* Task directions:
Reproduce, exactly and in full, the lines from the one with "Un guide étape" through the one with "Welcome to Upp Glass Hawaii" in the data below; drop pictures.

* Dataset content:
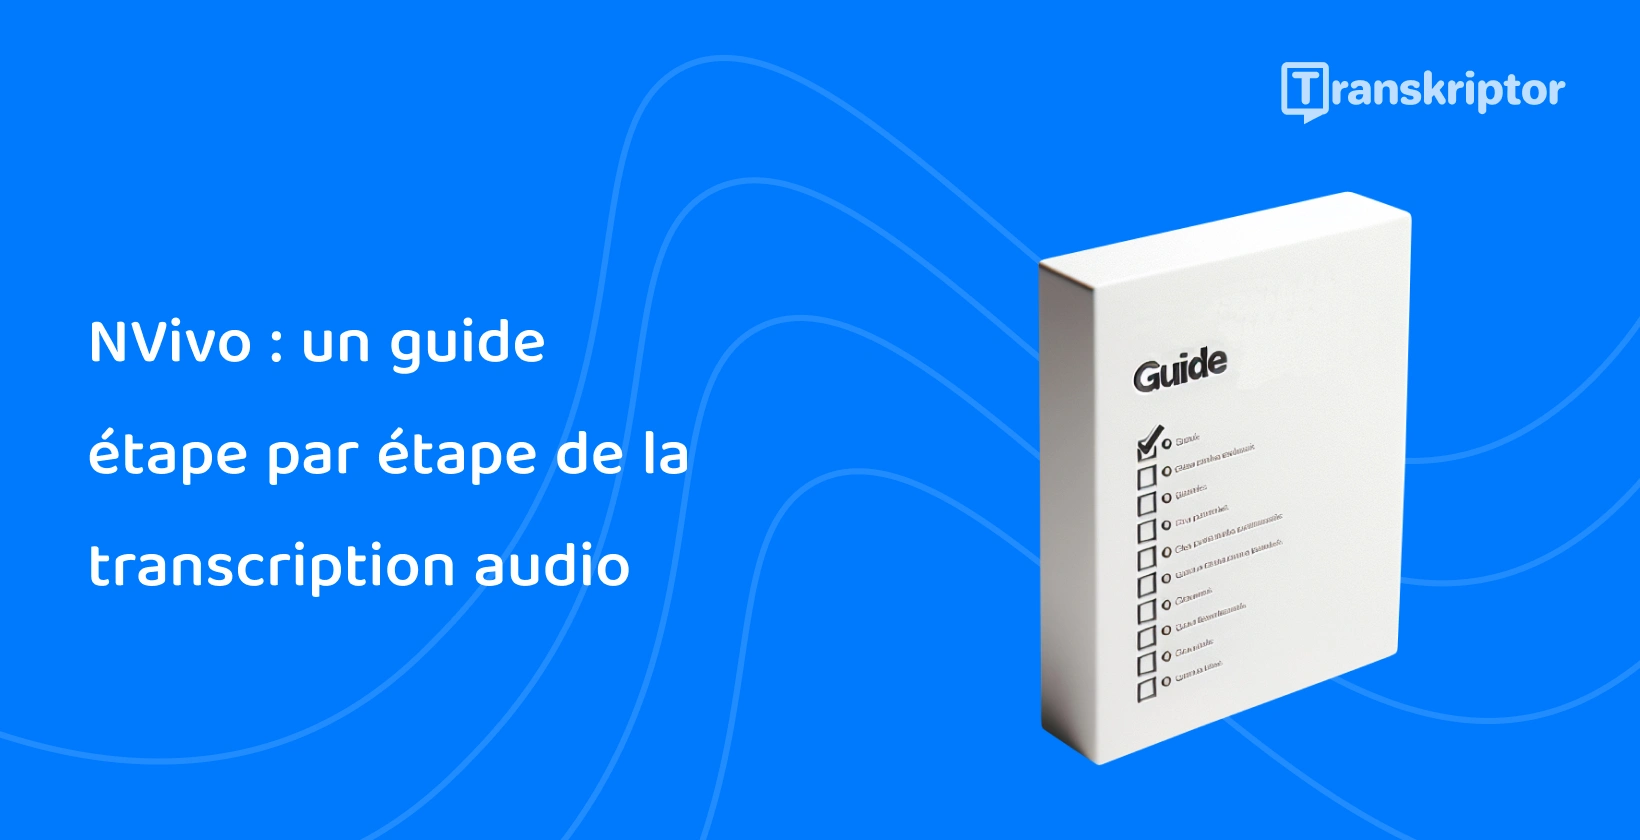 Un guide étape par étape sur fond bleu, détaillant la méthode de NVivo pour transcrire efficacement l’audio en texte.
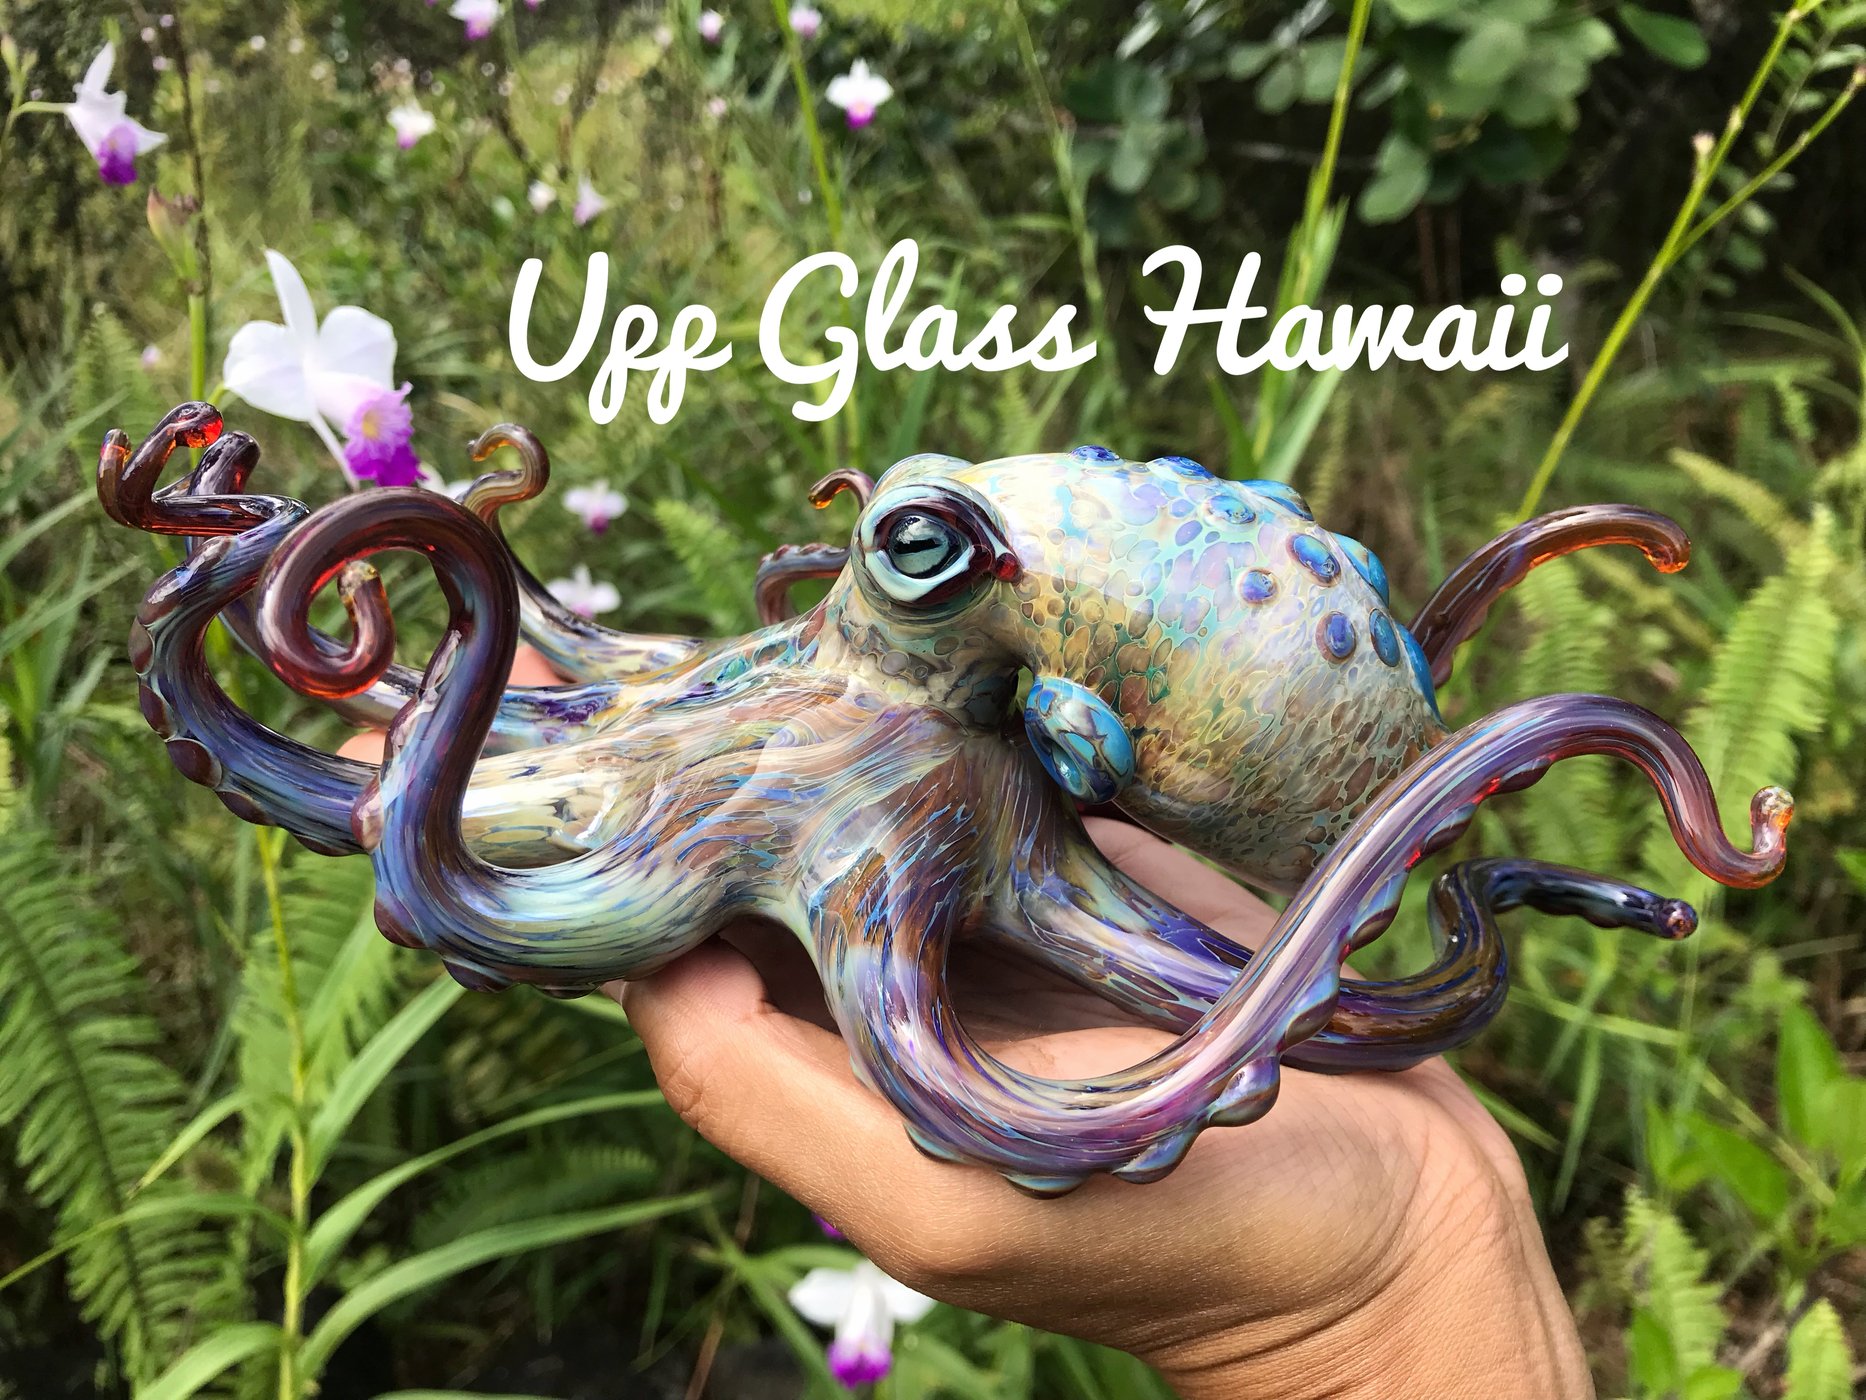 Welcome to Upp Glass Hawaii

* * *

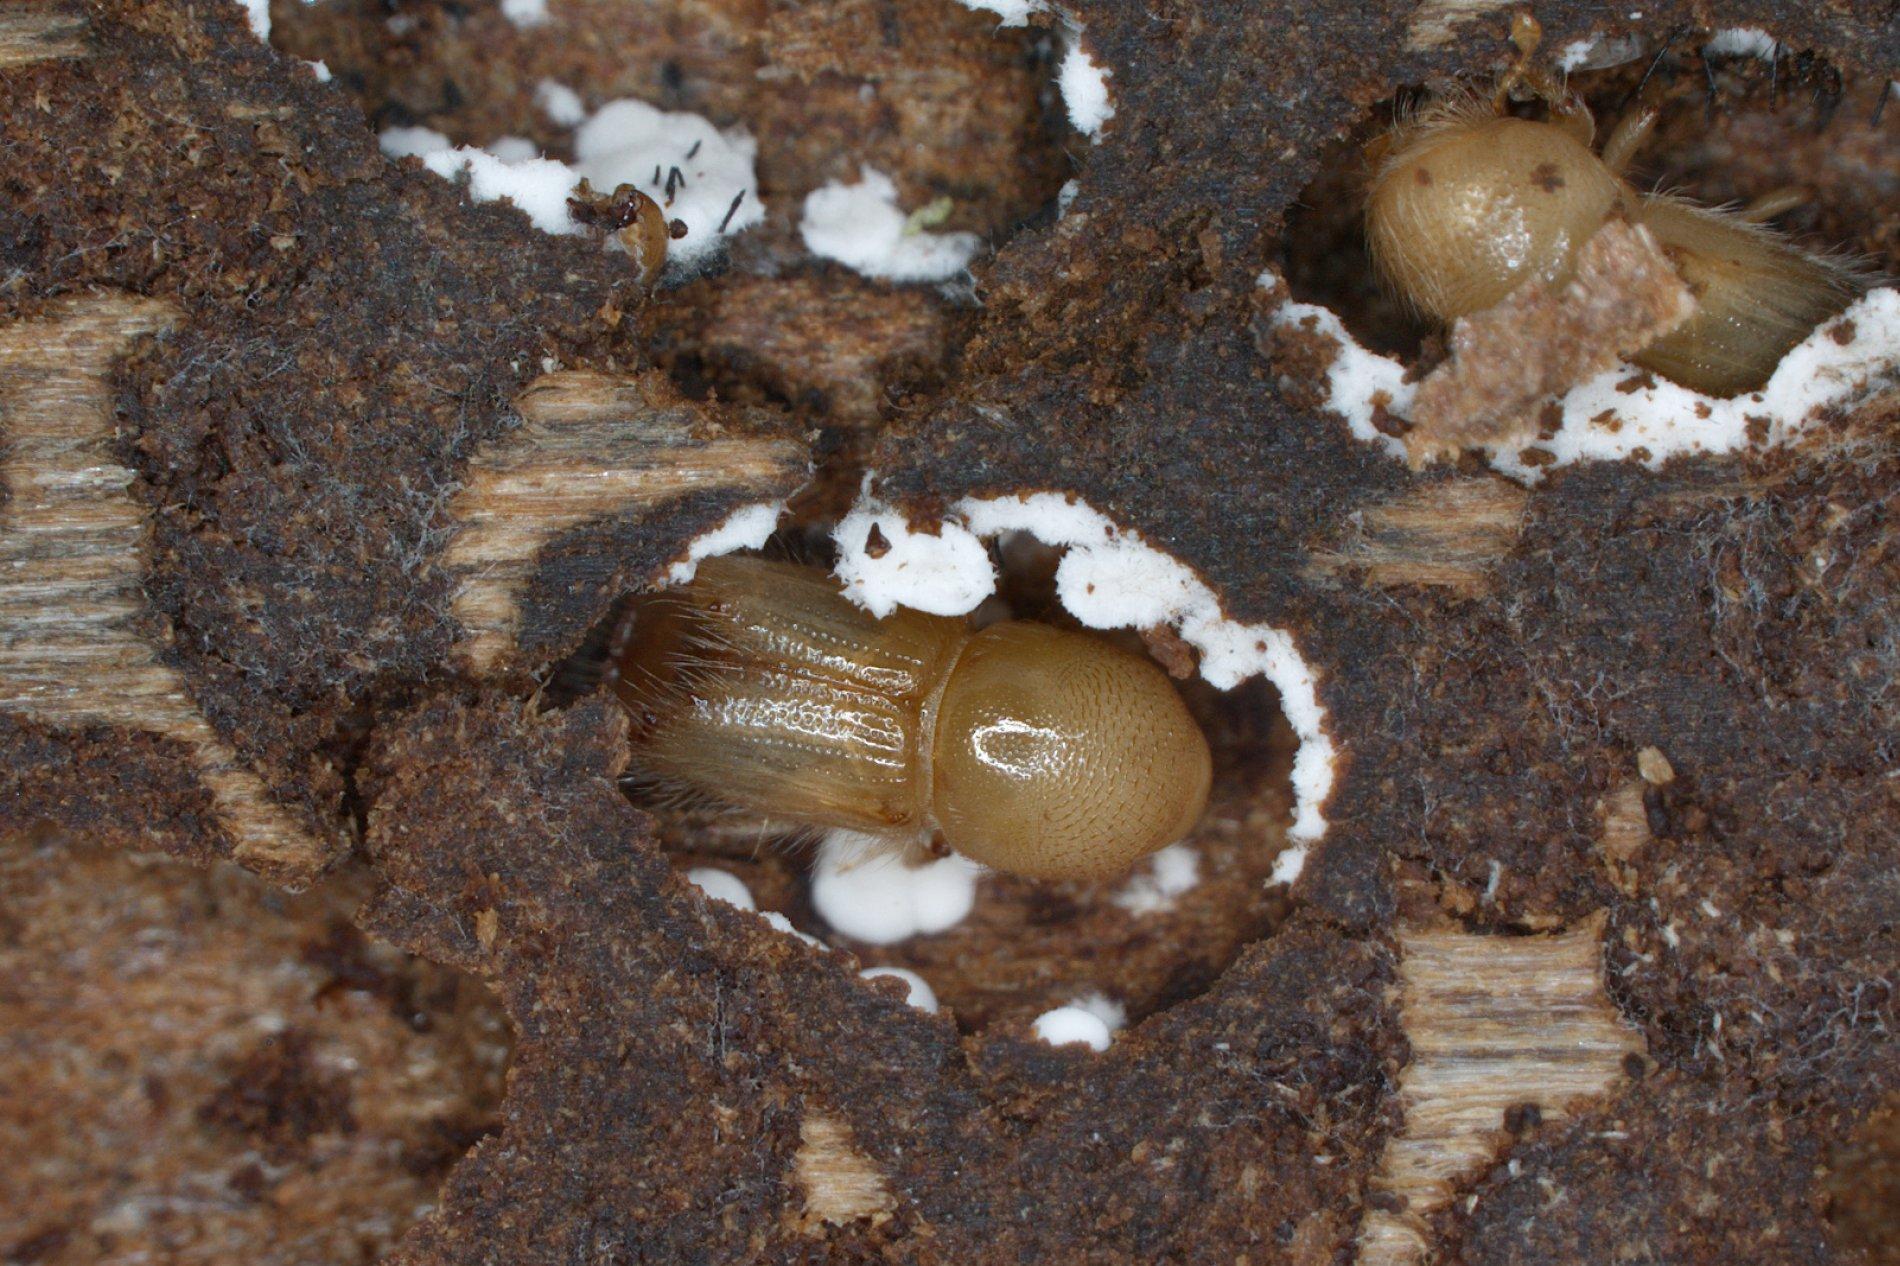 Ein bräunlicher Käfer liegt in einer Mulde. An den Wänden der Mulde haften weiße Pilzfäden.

* Written solution:
 Un guide étape par étape sur fond bleu, détaillant la méthode de NVivo pour transcrire efficacement l’audio en texte.
 Welcome to Upp Glass Hawaii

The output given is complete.